研究思路
自閉癥的早期診斷標志物這篇推文簡單介紹了這類研究的基本思路。
統計分析
Partial least squares discriminant analysis (PLS-DA) was
performed to examine whether different combinations of
multiple cytokines could be used to differentiate between
child developmental outcomes. Initially, linear regression
analysis was performed on each transformed immune marker
individually using the covariates stated above to generate
residuals for use in the PLS-DA. Eotaxin-2, epithelial
neutrophil-activating protein 78, granulocyte macrophage
colony-stimulating factor, eotaxin-1, interferon-g (IFN-g),
IL-4, monocyte chemoattractant protein 4 (MCP-4), and IL-13
all violated assumptions of linearity in the linear regression
model and were therefore excluded from the PLS-DA. The
PLS-DA was computed using the web-based MetaboAnalyst
software in accordance with the protocol by Xia and Wishart
(24).

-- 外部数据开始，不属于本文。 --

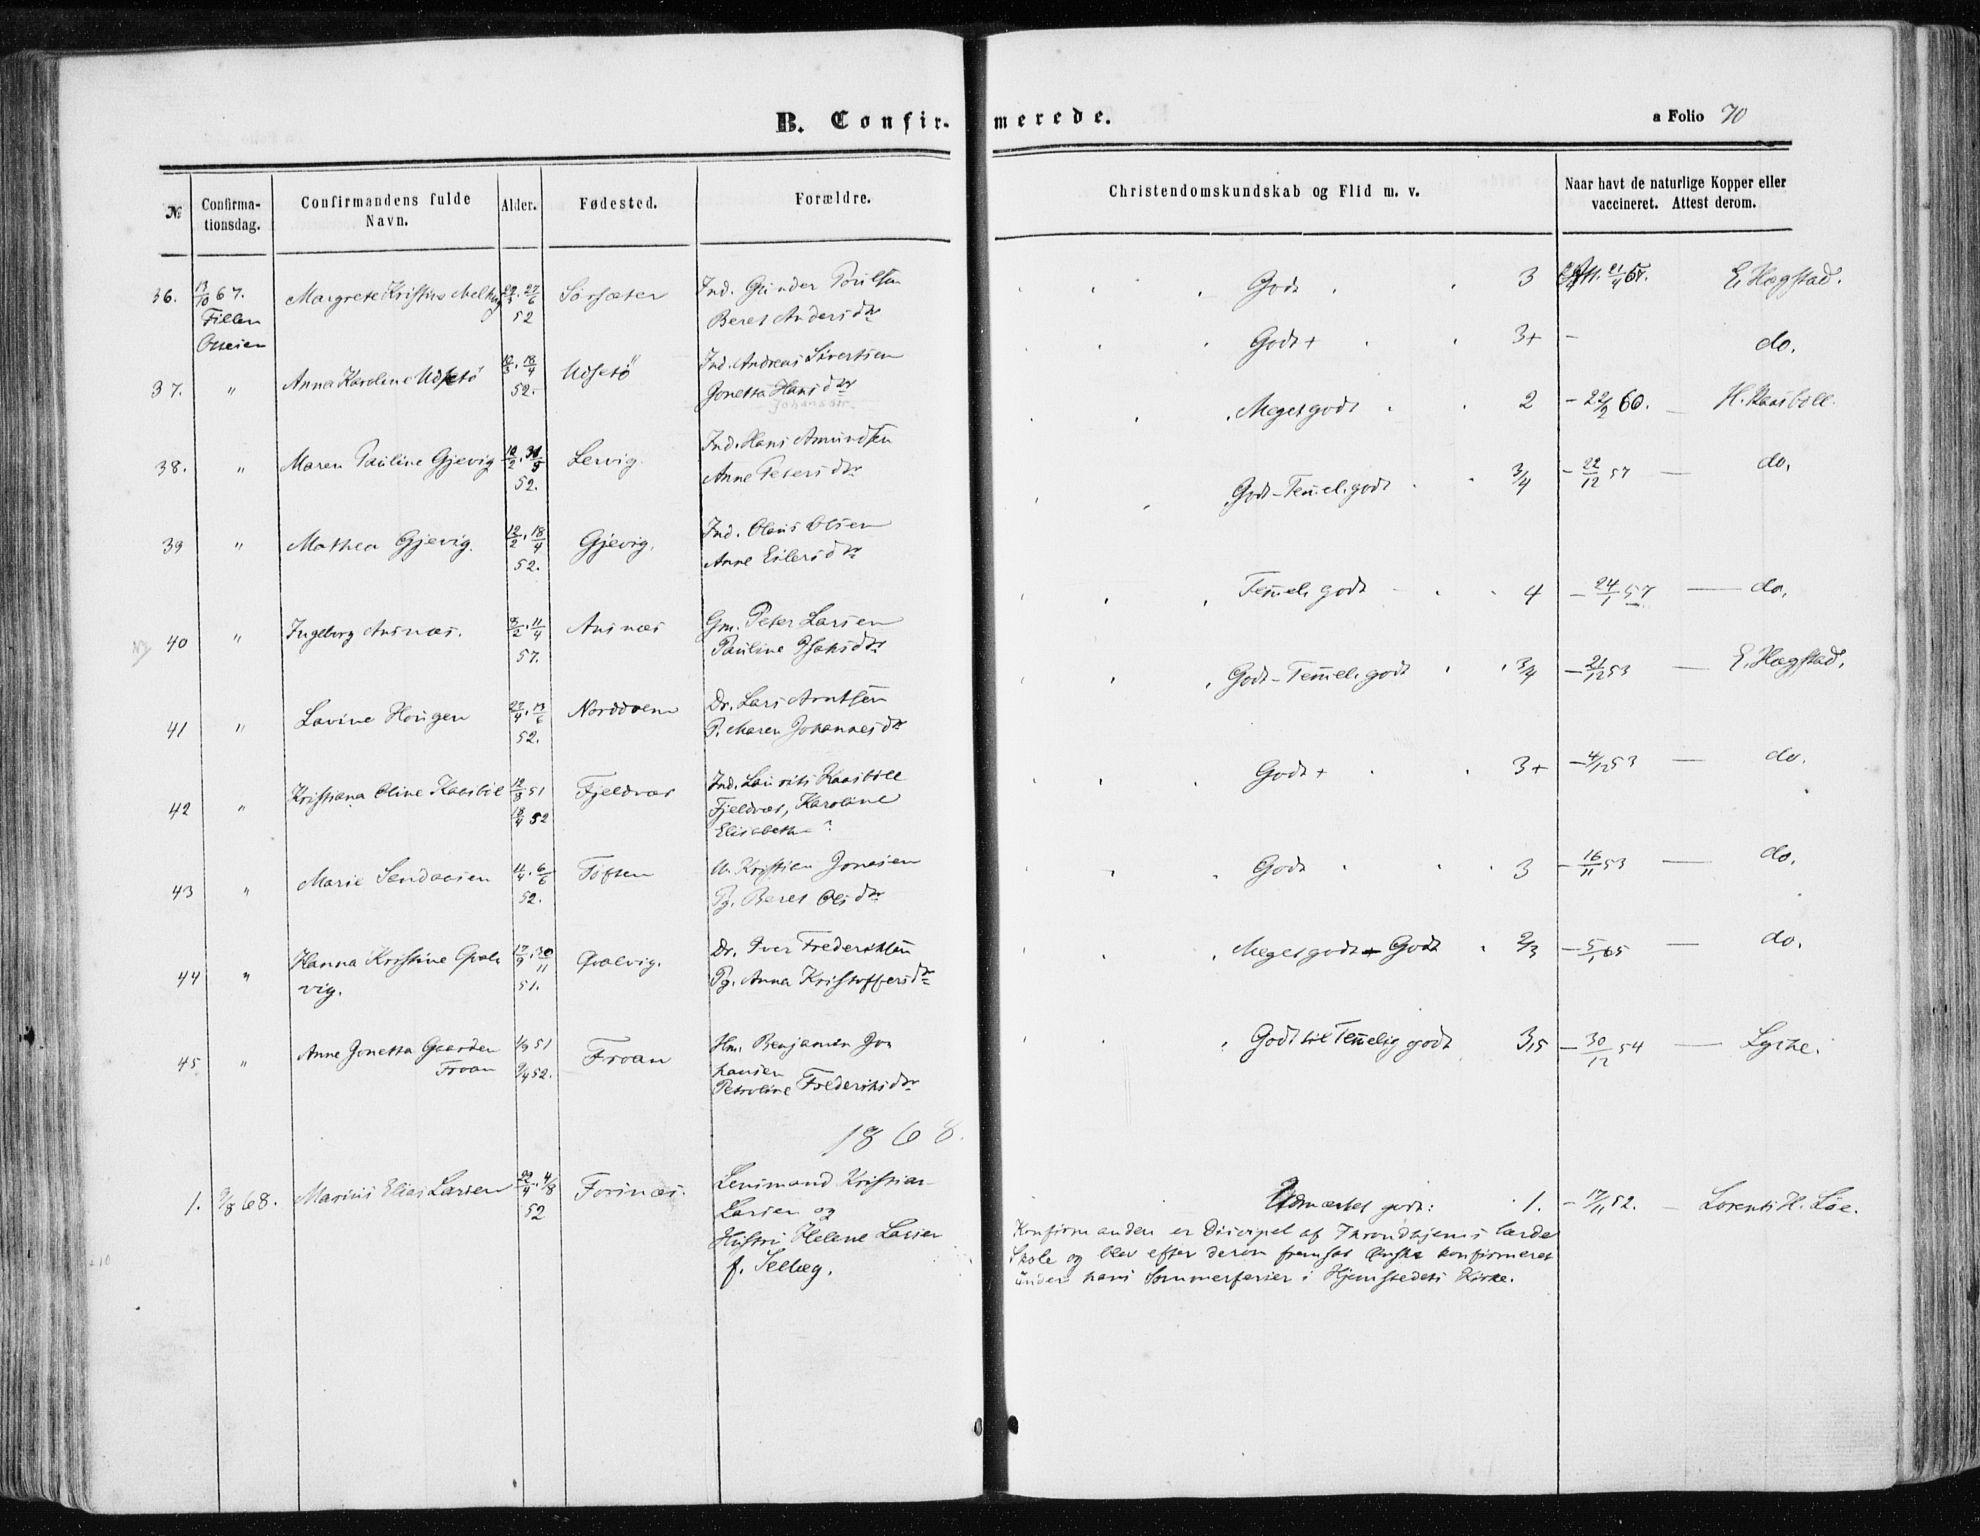 SAT, Ministerialprotokoller, klokkerbøker og fødselsregistre - Sør-Trøndelag, 634/L0531: Ministerialbok nr. 634A07, 1861-1870, s. 70

Analysis was performed using leave-one-out cross-
validation and prediction accuracy performance measure for
determining the number of latent variables. The permutation
statistic was performed using prediction accuracy during
training with 2000 permutations.
采用偏最小二乘判別分析(PLS-DA)檢驗是否可以使用多種細胞因子的不同組合來區分兒童發育結果。最初,使用上述協變量對每個轉化后的免疫標記分別進行線性回歸分析,以生成殘差用于PLS-DA。Eotaxin-2、上皮中性粒細胞活化蛋白78、粒細胞巨噬細胞集落刺激因子、eotaxin-1、干擾素-g (IFN-g)、IL-4、單核細胞趨化蛋白4 (MCP-4)、IL-13均違反線性回歸模型的線性假設,被排除在PLS-DA之外。PLS-DA是由Xia和Wishart(24)根據協議使用基于web的MetaboAnalyst軟件計算出來的。采用無遺漏交叉驗證和預測精度性能指標進行分析,以確定潛在變量的數量。排列統計采用2000個排列的訓練預測精度進行。(機譯)
偏最小二乘判別分析(PLS-DA)
偏最小二乘判別分析(PLS-DA)是一種用于判別分析的多變量統計分析方法。判別分析是一種根據觀察或測量到的若干變量值,來判斷研究對象如何分類的常用統計分析方法。其原理是對不同處理樣本(如觀測樣本、對照樣本)的特性分別進行訓練,產生訓練集,并檢驗訓練集的可信度。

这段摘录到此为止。